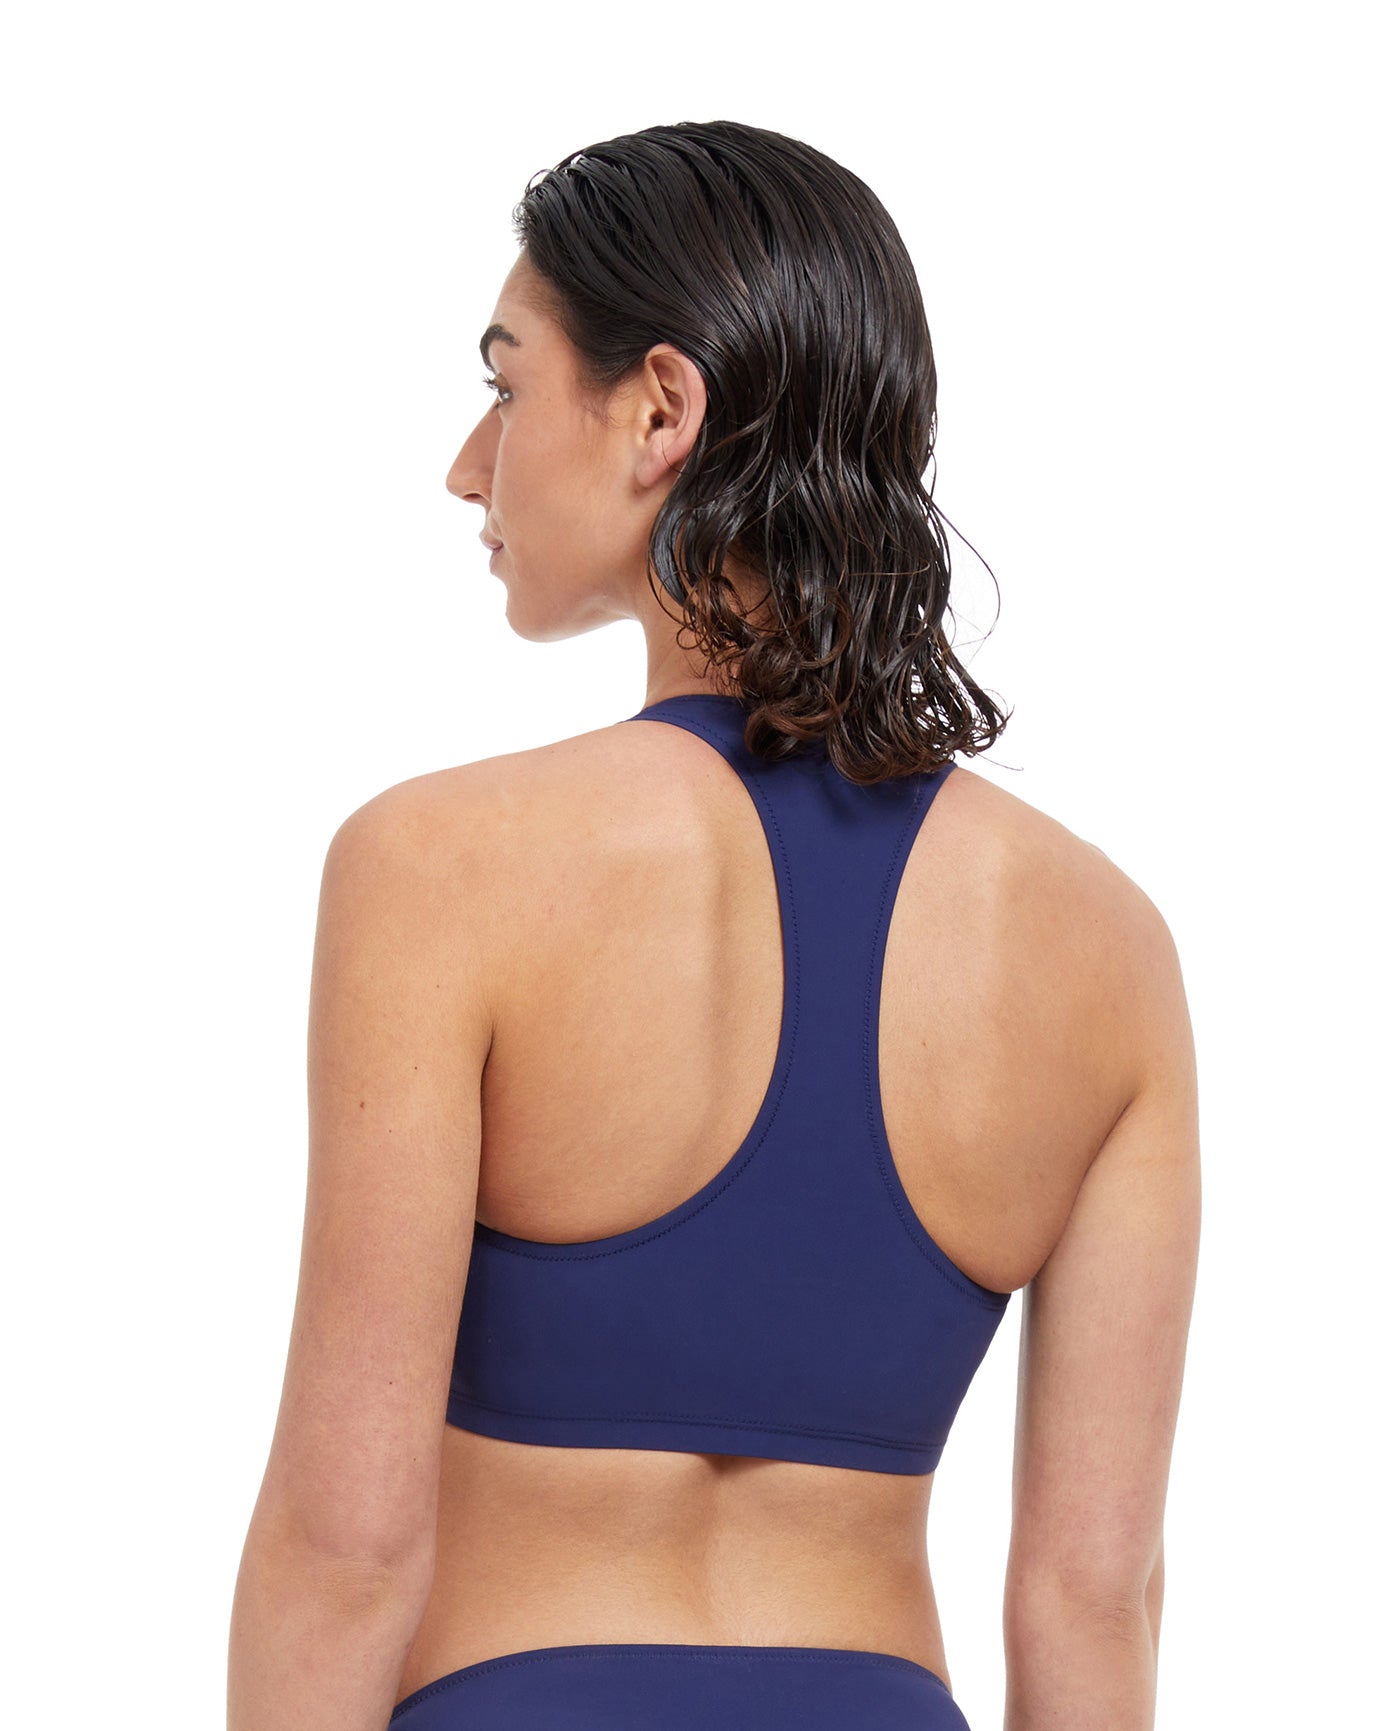 Back View Of Free Sport Olympic Dream High Neck V-Back Bikini Top | FREE SPORT OLYMPIC DREAM
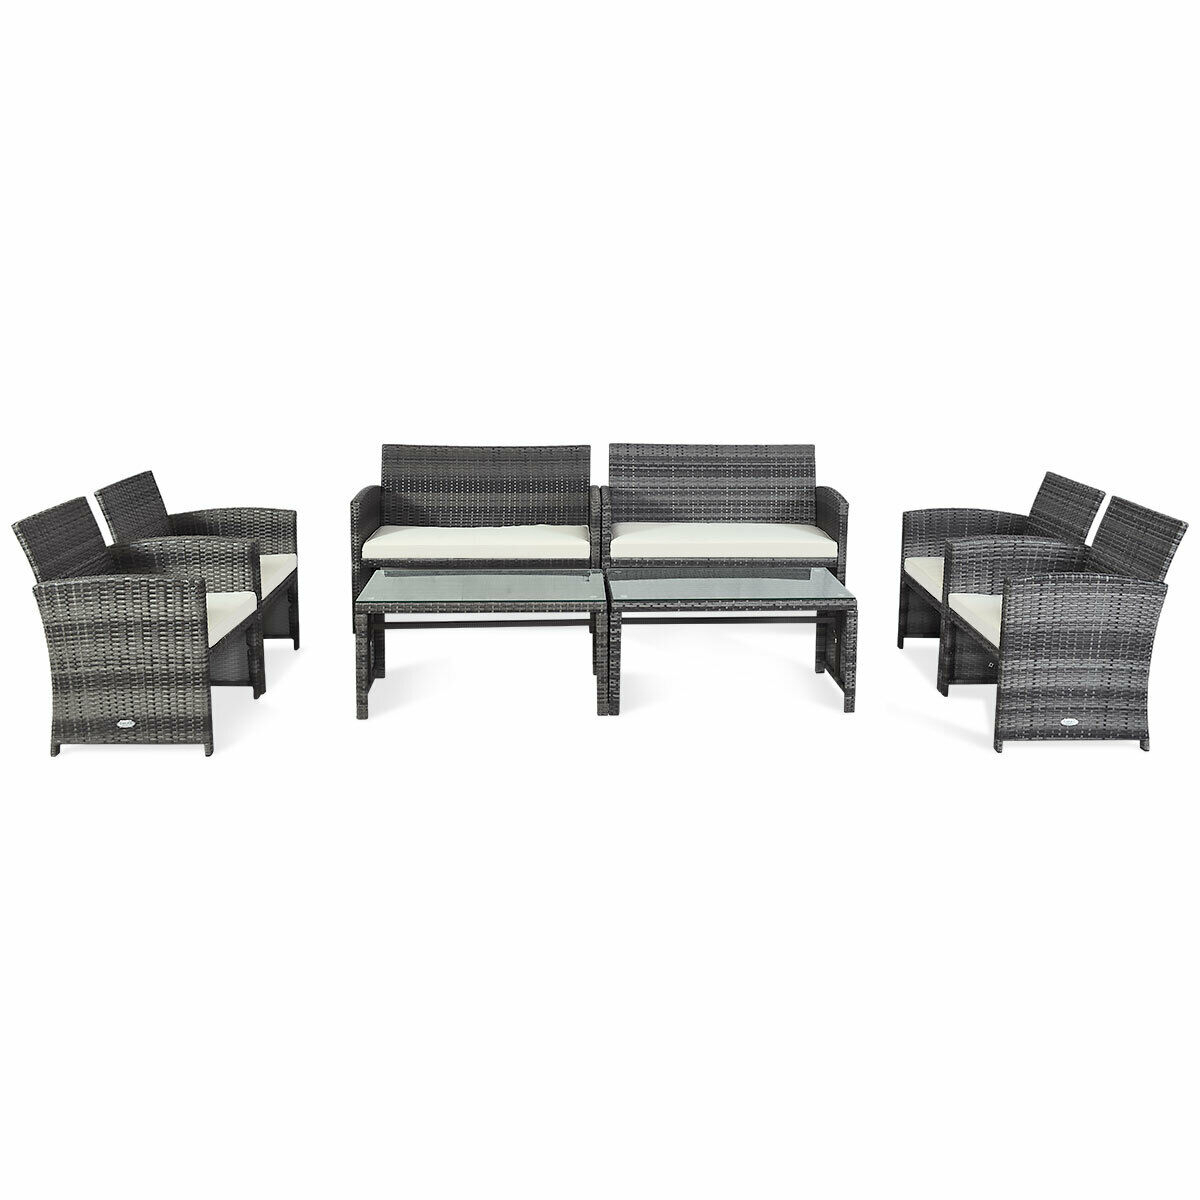 8PCS Patio Outdoor Rattan Furniture Set W/ Cushioned Chair Loveseat Table
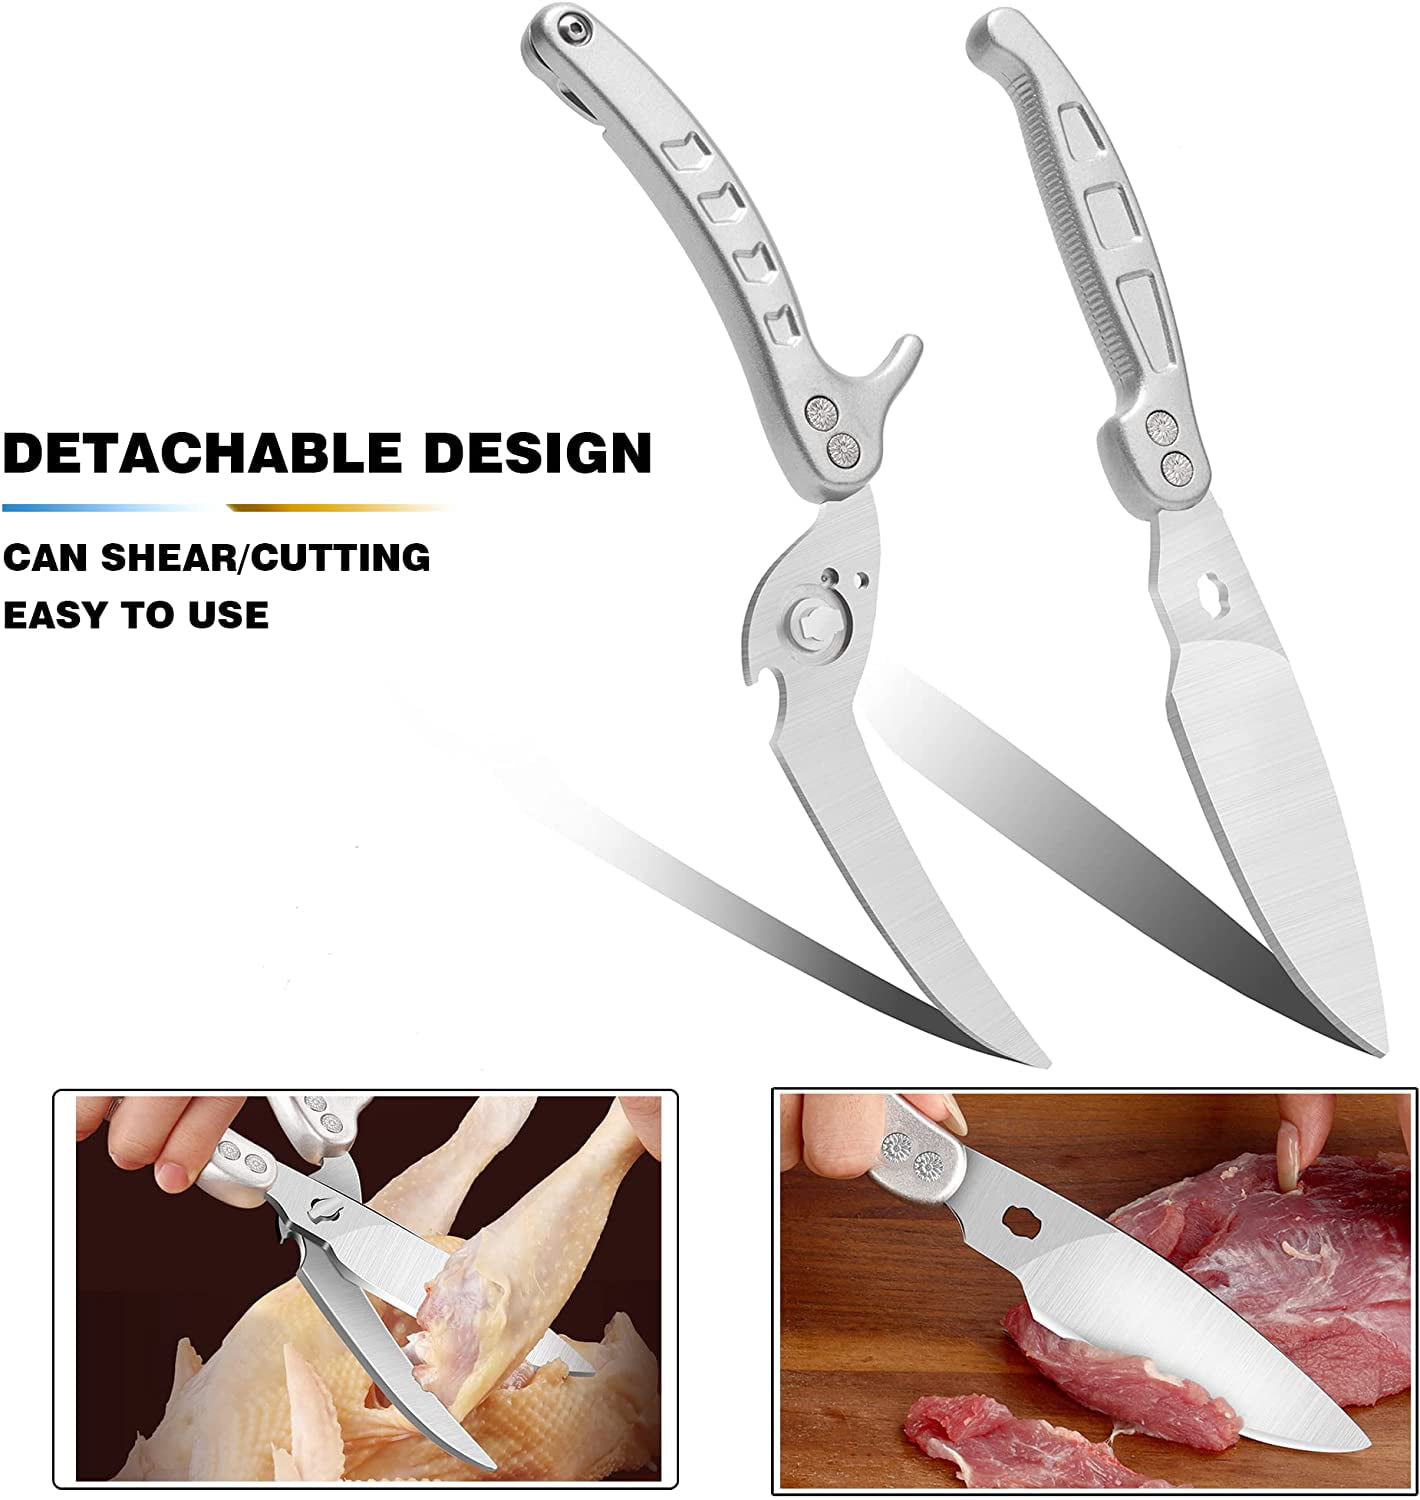 Come Apart Kitchen Shears by WELLSTAR, Multi-purpose Heavy Duty German  Stainless Steel Food Scissors for Cutting Meat Poultry Chicken Vegetable

Exercise requirements:
Nothing but the lines from the one that contains "8PCS Patio Outdoor" through the end of the material above is to be reproduced, exactly and without pictures.

Answer:
 8PCS Patio Outdoor Rattan Furniture Set W/ Cushioned Chair Loveseat Table
 Come Apart Kitchen Shears by WELLSTAR, Multi-purpose Heavy Duty German  Stainless Steel Food Scissors for Cutting Meat Poultry Chicken Vegetable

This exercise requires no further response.